Someone recently brought a Dell PE-R720 to me after a "crash" and having someone else replace a failed hard drive. From what I have been told, it was a simple drive failure and replacement. However, after the replacement, when the server booted, none of the VM's came up and they are all listed as inaccessible in the vSphere client.

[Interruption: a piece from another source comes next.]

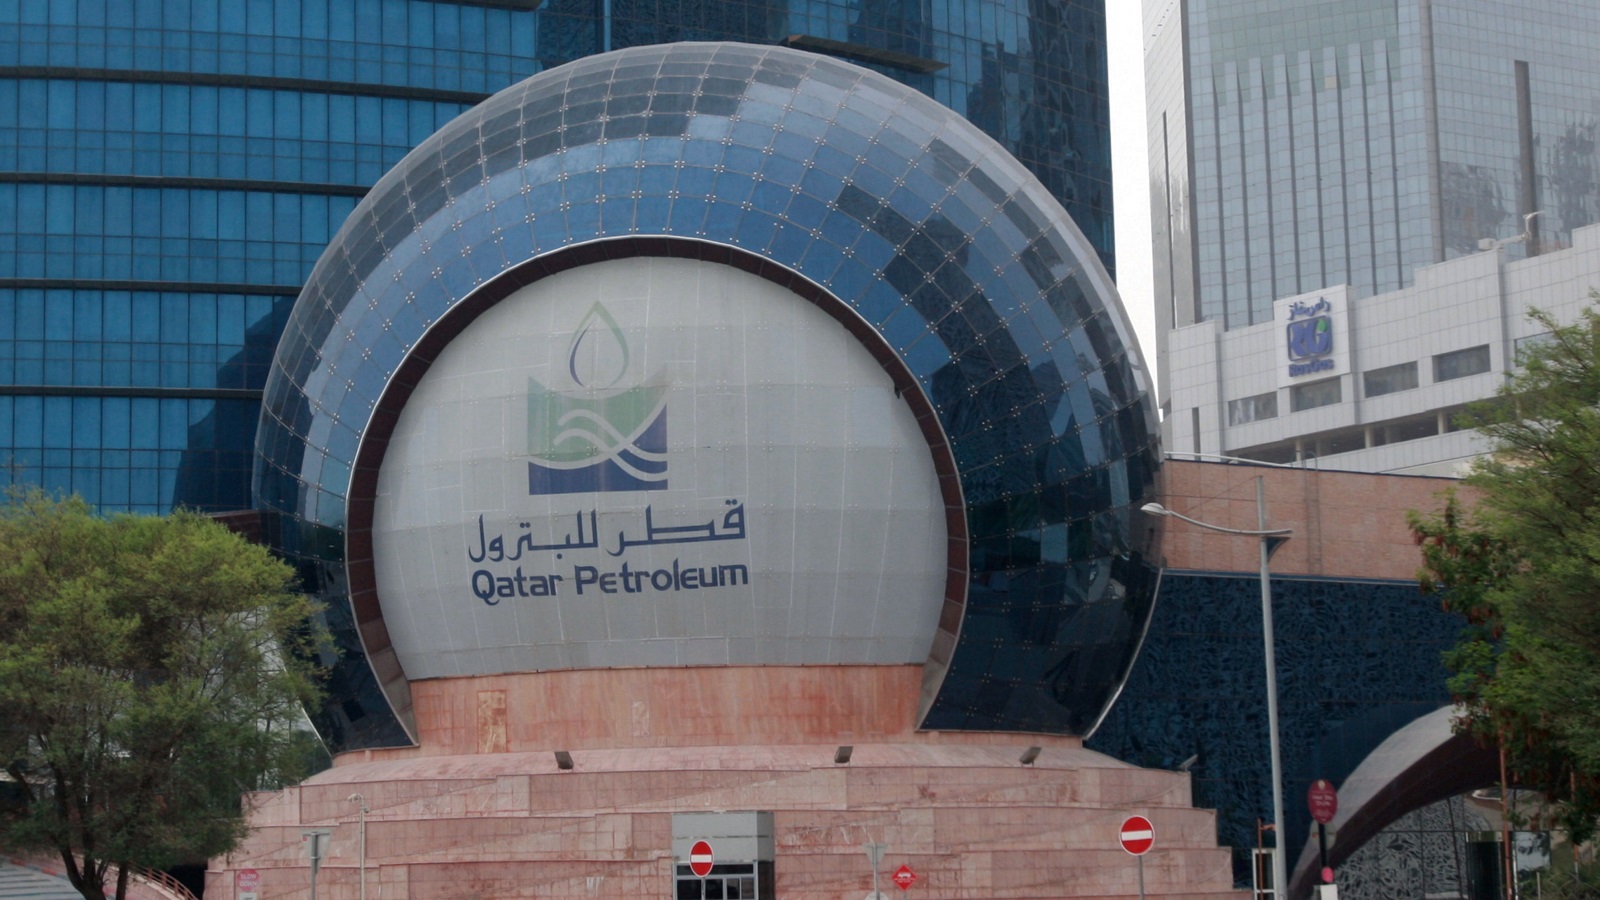                                قطر للبترول تعاقدت سابقا مع شركة شيفرون فيليبس للكيماويات لبناء وتطوير مجمع للبتروكيماويات في مدينة رأس لفان بقطر (رويترز)

The system has five 4TB SATA drives in it, configured RAID 5, and two volumes on that RAID5 - 500GB and 14ish TB. No, apparently the office this came from doesn't have any backups, which is why it has ended up with me.
Inside vSphere, the 500GB device has a datastore that does show up. The 14TB device has a datastore as well, but it does not show up. I can look at Devices, and see both of them, and the associated VMFS partitions on them.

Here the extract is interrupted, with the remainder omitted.